WORK TO BE COMPLETED: Some of the lines below need repeating. Reproduce exactly those between the lines holding "Vintage 1998 Houston Astro’s T-Shirt" and "нарисуй рисунок девушки", inclusive.

Saved entries
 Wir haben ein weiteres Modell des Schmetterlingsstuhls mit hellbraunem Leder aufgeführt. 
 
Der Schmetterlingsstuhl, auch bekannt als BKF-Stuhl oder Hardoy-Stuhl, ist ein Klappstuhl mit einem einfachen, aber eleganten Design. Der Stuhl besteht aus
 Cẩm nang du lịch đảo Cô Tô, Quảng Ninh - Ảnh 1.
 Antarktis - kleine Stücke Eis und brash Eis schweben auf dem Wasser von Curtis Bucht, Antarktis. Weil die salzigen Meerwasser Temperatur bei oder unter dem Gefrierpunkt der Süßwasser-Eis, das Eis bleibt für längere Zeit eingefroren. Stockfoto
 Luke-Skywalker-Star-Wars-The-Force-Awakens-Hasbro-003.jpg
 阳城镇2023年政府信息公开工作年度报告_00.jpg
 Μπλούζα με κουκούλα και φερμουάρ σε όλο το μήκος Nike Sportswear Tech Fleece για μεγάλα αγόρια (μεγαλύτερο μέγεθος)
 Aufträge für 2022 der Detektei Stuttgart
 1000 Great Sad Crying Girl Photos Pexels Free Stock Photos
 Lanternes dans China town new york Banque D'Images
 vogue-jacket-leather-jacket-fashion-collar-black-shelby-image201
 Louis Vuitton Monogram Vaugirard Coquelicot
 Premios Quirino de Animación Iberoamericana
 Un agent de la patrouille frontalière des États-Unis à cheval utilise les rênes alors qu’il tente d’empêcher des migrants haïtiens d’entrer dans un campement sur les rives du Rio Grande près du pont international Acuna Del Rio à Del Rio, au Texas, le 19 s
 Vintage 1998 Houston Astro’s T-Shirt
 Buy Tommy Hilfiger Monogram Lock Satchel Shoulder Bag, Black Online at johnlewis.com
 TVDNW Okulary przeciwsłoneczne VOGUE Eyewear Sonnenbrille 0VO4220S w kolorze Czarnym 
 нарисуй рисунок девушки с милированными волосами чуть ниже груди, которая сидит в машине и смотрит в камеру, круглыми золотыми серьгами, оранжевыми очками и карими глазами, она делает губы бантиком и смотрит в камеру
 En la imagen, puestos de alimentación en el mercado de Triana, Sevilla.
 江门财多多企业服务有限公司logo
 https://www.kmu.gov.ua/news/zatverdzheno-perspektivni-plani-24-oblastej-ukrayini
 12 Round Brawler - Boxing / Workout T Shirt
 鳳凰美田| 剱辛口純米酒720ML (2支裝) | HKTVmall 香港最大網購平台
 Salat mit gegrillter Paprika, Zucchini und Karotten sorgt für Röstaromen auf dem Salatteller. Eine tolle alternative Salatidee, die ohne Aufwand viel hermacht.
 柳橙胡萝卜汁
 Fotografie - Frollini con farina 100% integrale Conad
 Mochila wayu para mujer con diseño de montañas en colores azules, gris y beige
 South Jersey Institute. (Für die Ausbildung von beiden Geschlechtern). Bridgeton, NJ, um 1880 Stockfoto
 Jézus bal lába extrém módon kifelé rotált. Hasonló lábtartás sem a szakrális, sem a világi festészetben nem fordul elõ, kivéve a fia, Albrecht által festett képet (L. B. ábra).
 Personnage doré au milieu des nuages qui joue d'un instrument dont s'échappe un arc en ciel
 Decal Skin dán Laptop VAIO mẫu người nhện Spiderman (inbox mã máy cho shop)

SOLUTION TO THIS EXERCISE:
 Vintage 1998 Houston Astro’s T-Shirt
 Buy Tommy Hilfiger Monogram Lock Satchel Shoulder Bag, Black Online at johnlewis.com
 TVDNW Okulary przeciwsłoneczne VOGUE Eyewear Sonnenbrille 0VO4220S w kolorze Czarnym 
 нарисуй рисунок девушки с милированными волосами чуть ниже груди, которая сидит в машине и смотрит в камеру, круглыми золотыми серьгами, оранжевыми очками и карими глазами, она делает губы бантиком и смотрит в камеру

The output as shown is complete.